European Journal of Operational Research (2008), 191(1), 207–220
Phillip G. Gould1, Anne B. Koehler2, Keith Ord3, Ralph D. Snyder1, Rob J. Hyndman11 and Farshid Vahid-Araghi4
- Department of Econometrics and Business Statistics, Monash University, Clayton VIC 3800, Australia.
- Department of Decision Sciences and Management Information Systems, Miami University, Oxford, OH 45056, USA.
- McDonough School of Business, Georgetown University, Washington, DC 20057, USA.
- School of Economics, Australian National University, ACT 0200, Australia.

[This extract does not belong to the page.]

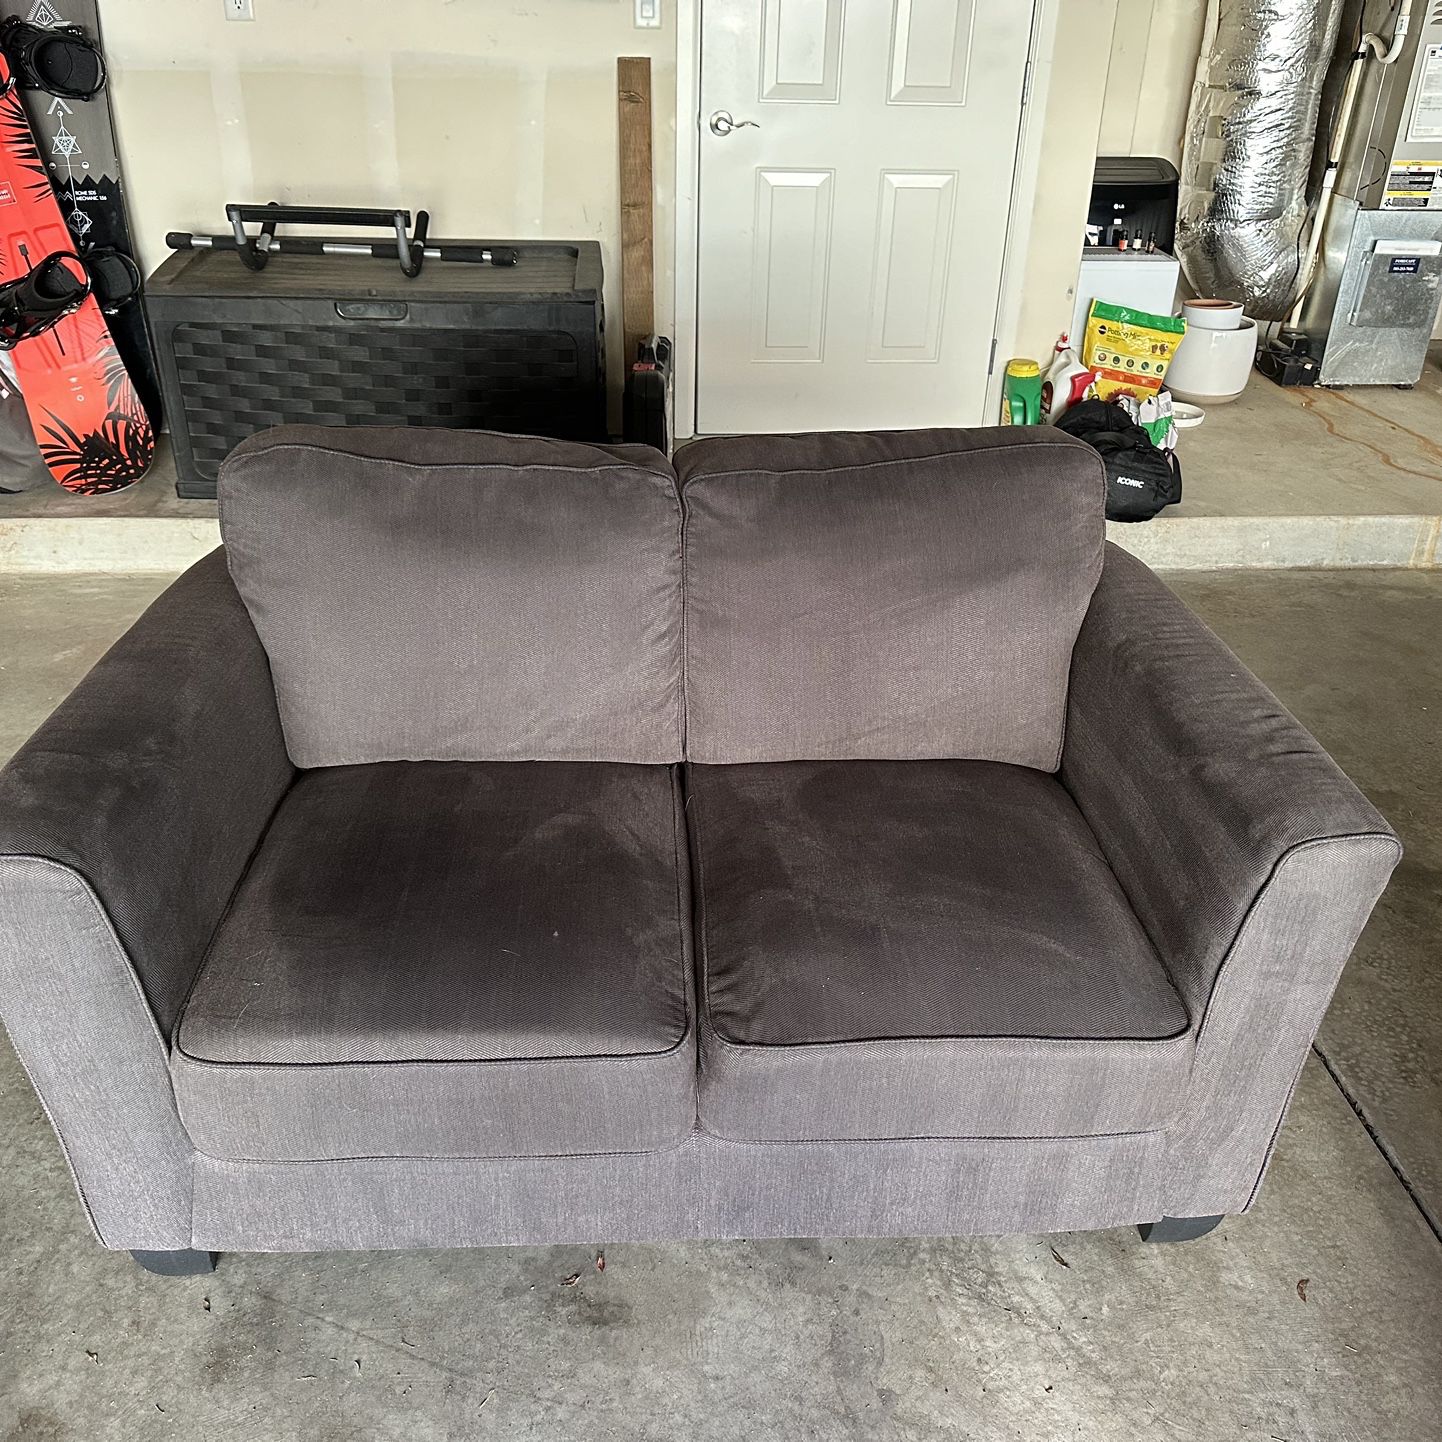 Couch Set For Sale $75

Abstract: A new approach is proposed for forecasting a time series with multiple seasonal patterns. A state space model is developed for the series using the innovation approach which enables us to develop explicit models for both additive and multiplicative seasonality. Parameter estimates may be obtained using methods from exponential smoothing. The proposed model is used to examine hourly and daily patterns in hourly data for both utility loads and traffic flows. Our formulation provides a model for several existing seasonal methods and also provides new options, which result in superior forecasting performance over a range of prediction horizons. In particular, seasonal components can be updated more frequently than once during a seasonal cycle. The approach is likely to be useful in a wide range of applications involving both high and low frequency data, and it handles missing values in a straightforward manner.
Keywords: forecasting; time series; exponential smoothing; seasonality; state space models
The supplied Ox code and Microsoft Excel spreadsheet are intended to give users working examples of the model described in our paper. Both can easily be adapted for more general use, although they are not intended to form any kind of software “package” for Ox and Excel. The supplied data are a sample of data used in the paper and are not to be used for any other purpose than as an example in running the code
Notes on Excel Spreadsheet: The Excel spreadsheet does not contain the data used for seed estimation in the Ox code. The seeds used in the Excel model are imported from Ox. The procedure for seed estimation is cumbersome in Excel and is omitted.
For dated data, the day-of-week dummies can be generated via the “weekday()” and “if()” function in Excel. This can be useful when swapping between data with different dates.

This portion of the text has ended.